We crafted similar messages that resonated in favor of change. Having a woman’s perspective included in the boardroom and executive suites of corporate America is touted as good for business. Making credit available for women entrepreneurs provides jobs, stimulates the economy, and, on a micro level, feeds families and educates children. Improved quality of life for professional women redounds favorably to a better quality of life for male peers. When interested parties are convinced that change advantages society, rather than only women, we make progress toward equality.
Philosophically, this is troubling. Until women’s equality is recognized, we must continue to manipulate public interest to obtain fairness. But only so much progress can be made by spinning women’s issues as public-interest issues.
Although our society gains greatly from diversity, certain issues solely belong to women and certain fights primarily benefit women.

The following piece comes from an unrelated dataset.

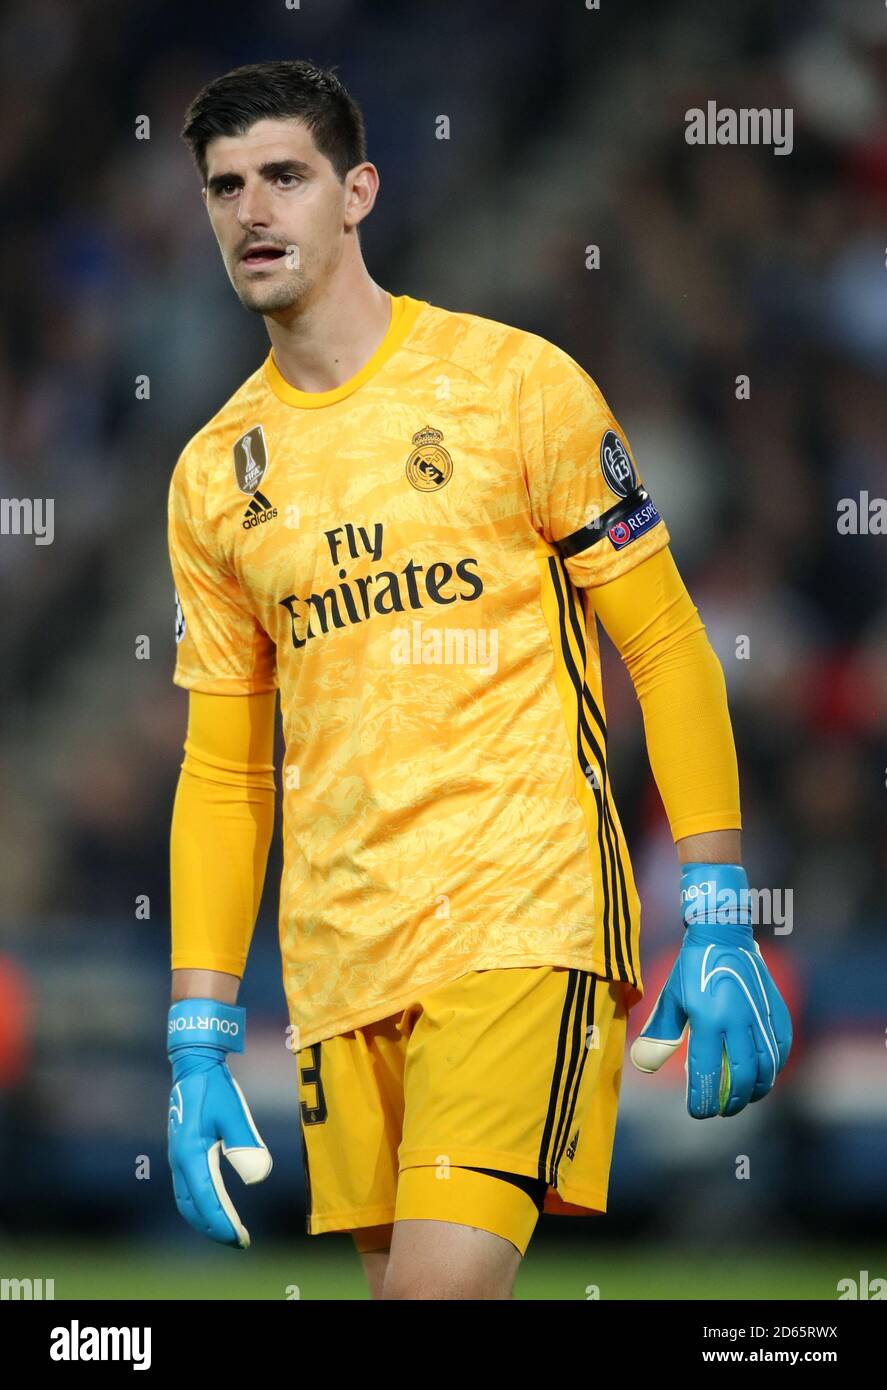 Portero del Real Madrid, Thibaut Courtois Fotografía de stock - Alamy

Sometimes the game is zero-sum, and gains for women do come at the expense of individual men: The more women who find berths at the top, the fewer positions available for men.
The mission of Vision 2020 is to achieve gender equality in time to celebrate the centennial of the 19th Amendment. The brave suffragists counted on us, the women of future generations, to use the vote to assure gender equality.
The United States spoke for individual freedom by ratifying our Constitution more than 230 years ago. Our Constitution provides for equal protection of our laws, but it does not specifically mandate gender equality. Since that time, country after country has adopted a constitution that confer gender equality, most recently Zimbabwe and Tunisia.
Women are told that, because we have achieved equality and barriers are melting away, a constitutional amendment is unnecessary. Or it would be largely symbolic and not worth the effort. Or that formal equality cannot incorporate the concept that women and men are different, with different needs, strengths, and weaknesses. Instead of a constitutional amendment, we relegate gender equality to legislation and court interpretation.
It is time to affirm that equality of opportunity, pay, and respect, and a standard of fairness applied equally to men and women, are fundamental principles of our country, and are not subject to the whims of our Congress and the political composition of our Supreme Court.
We must publicly, noisily, and brilliantly radiate courage and demand gender equality.